The political and military instability in the Red Sea and eastern Mediterranean has forced global shipping companies to reroute cargo freight being transported from Asia to Europe. As a result, merchant ships are increasingly making the longer, more expensive and more polluting route to their destinations around the Cape of Good Hope.
This is not only causing delays and driving up shipping rates. It is also contributing to more greenhouse gas emissions and a spike in a phenomenon called carbon leakage: companies move operations away from a jurisdiction with strict climate mitigation policies to avoid surging climate costs.
It’s the topic of focus of a new Concordia-led study published in the journal Environmental Research Letters.
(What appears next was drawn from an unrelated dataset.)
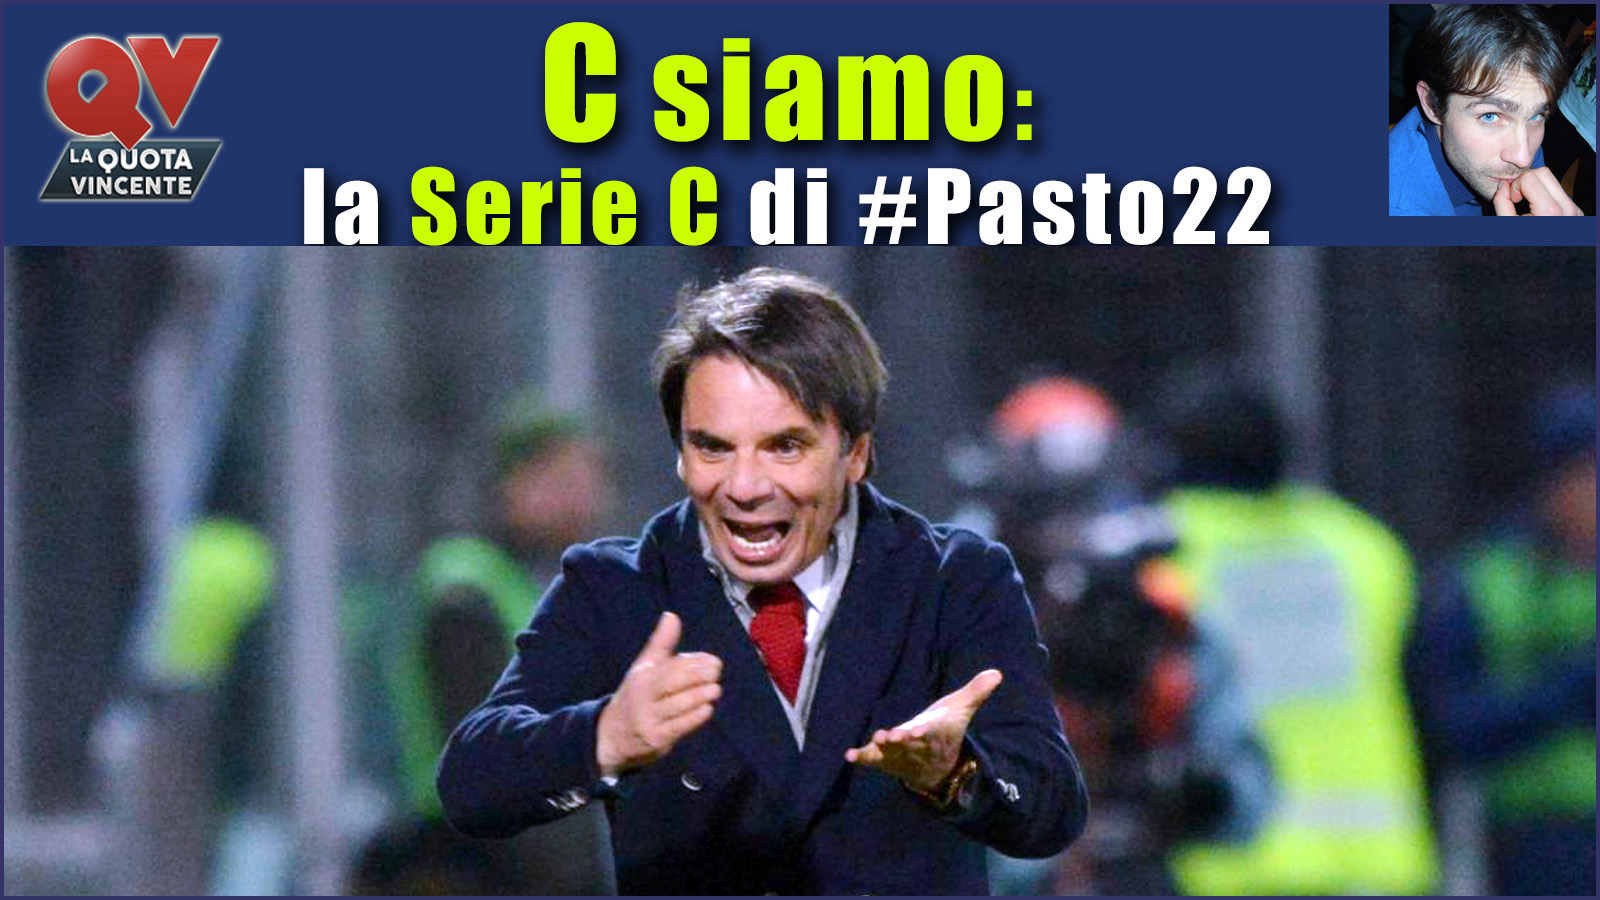 Pronostici Serie C sabato 16 dicembre: #Csiamo, il blog di #Pasto22

In it, the authors argue that maritime shipping companies are more likely to use transhipment points in ports like Durban, South Africa and Abidjan in the Ivory Coast to escape onerous carbon fees imposed by new European Union regulations.
In January 2024, the EU’s Emissions Trading System (ETS) — a cap-and-trade mechanism designed to encourage polluters to cut down their use of greenhouse gases — was extended to cover CO2 emissions from all large ships entering EU ports, regardless of the flag they fly or their port of origin. A ton of CO2 emissions is priced at roughly 100 euros.
The three-year phased-in system will eventually cover 50 per cent of all emissions from voyages that start or end outside of the EU and 100 per cent of emissions that occur between two EU ports and in EU harbours.
But as the researchers note, maritime shipping companies are rerouting away from the Red Sea toward South Africa and beyond. This not only avoids the volatile area, where maritime safety is affected by recent military actions in the Middle East, but also allows them to transfer their cargo from one ship to another one bound for Europe. Under EU regulations, only the emissions from the second leg will be subject to ETS compliance costs.
‘The crisis in the Red Sea is giving companies more options to relocate and rearrange’
Thus, the owner of a container ship leaving Singapore bound for Rotterdam via the Suez Canal would have to pay a fee on 50 per cent of its emissions resulting from its 12,000-nautical mile voyage. However, if the same ship from Singapore arrives in Durban, South Africa, and transfers its cargo to a Rotterdam-bound ship, it would only pay credits for a 7,000-nautical mile trip.
“The crisis in the Red Sea is giving maritime companies more options to relocate and rearrange their transhipment to avoid carbon costs,” says He Peng, a PhD candidate studying environmental engineering at the Gina Cody School of Engineering and Computer Science. “This study identifies the two poles that can make carbon leakage in the maritime shipping industry more possible.”
“As engineers, we can only address the technical part of the assessment for carbon emissions and try to provide a solution,” adds Chunjiang An, a professor in the Department of Building, Civil and Environmental Engineering. He co-authored the paper along with Meng Wang at Pennsylvania State University.
“We cannot stop the wars, but we can provide a summary and some suggestions which can help us adapt to a changing world and hopefully help reduce carbon emissions.”